▸ **WHAT YOU HAVE TO DO**
Each line in the records below, from the one that contains "iPad Mini 3" to the one that contains "Guida in autostrada", should be reproduced exactly, the first and last included.

▸ **EXCERPTED RECORDS**
- - - -

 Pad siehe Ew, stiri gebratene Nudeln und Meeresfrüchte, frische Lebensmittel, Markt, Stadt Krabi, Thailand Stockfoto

- - - -

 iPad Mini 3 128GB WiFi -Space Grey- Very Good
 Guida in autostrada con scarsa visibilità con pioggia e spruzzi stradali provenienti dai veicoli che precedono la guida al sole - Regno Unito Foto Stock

- - - -

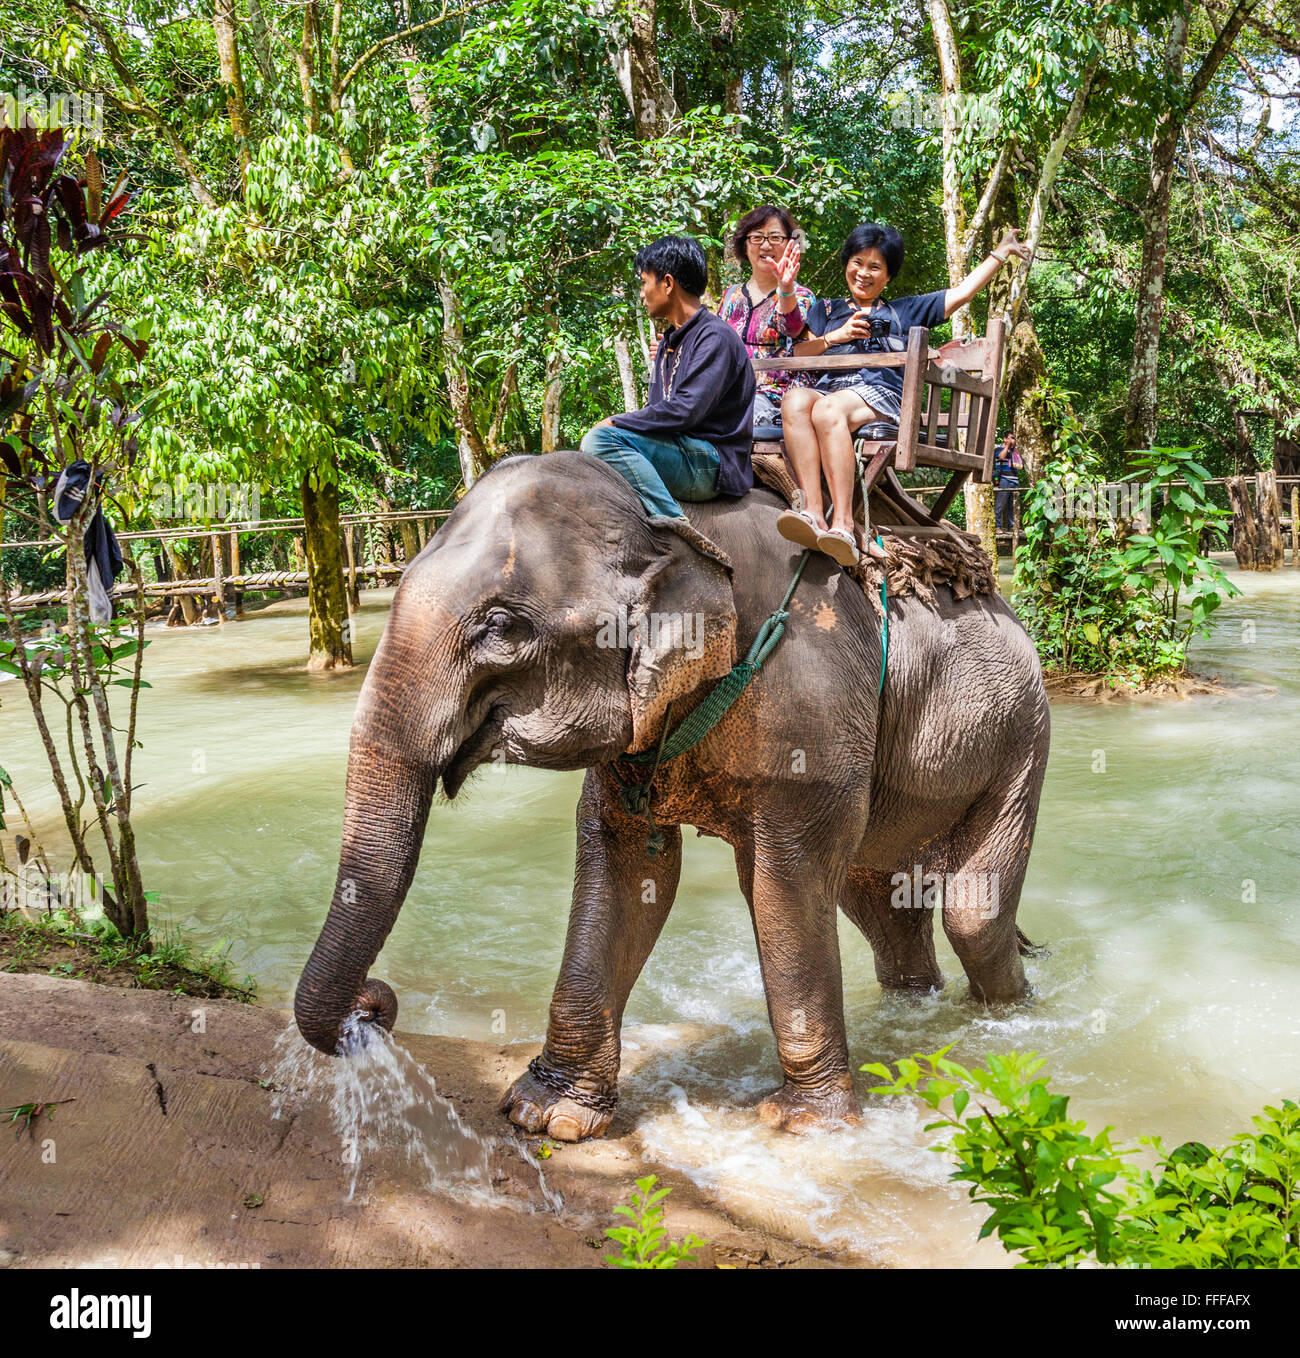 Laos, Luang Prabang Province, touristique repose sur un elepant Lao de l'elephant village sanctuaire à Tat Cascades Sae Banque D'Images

- - - -

▸ **ANSWER TO THE PROBLEM**
 iPad Mini 3 128GB WiFi -Space Grey- Very Good
 Guida in autostrada con scarsa visibilità con pioggia e spruzzi stradali provenienti dai veicoli che precedono la guida al sole - Regno Unito Foto Stock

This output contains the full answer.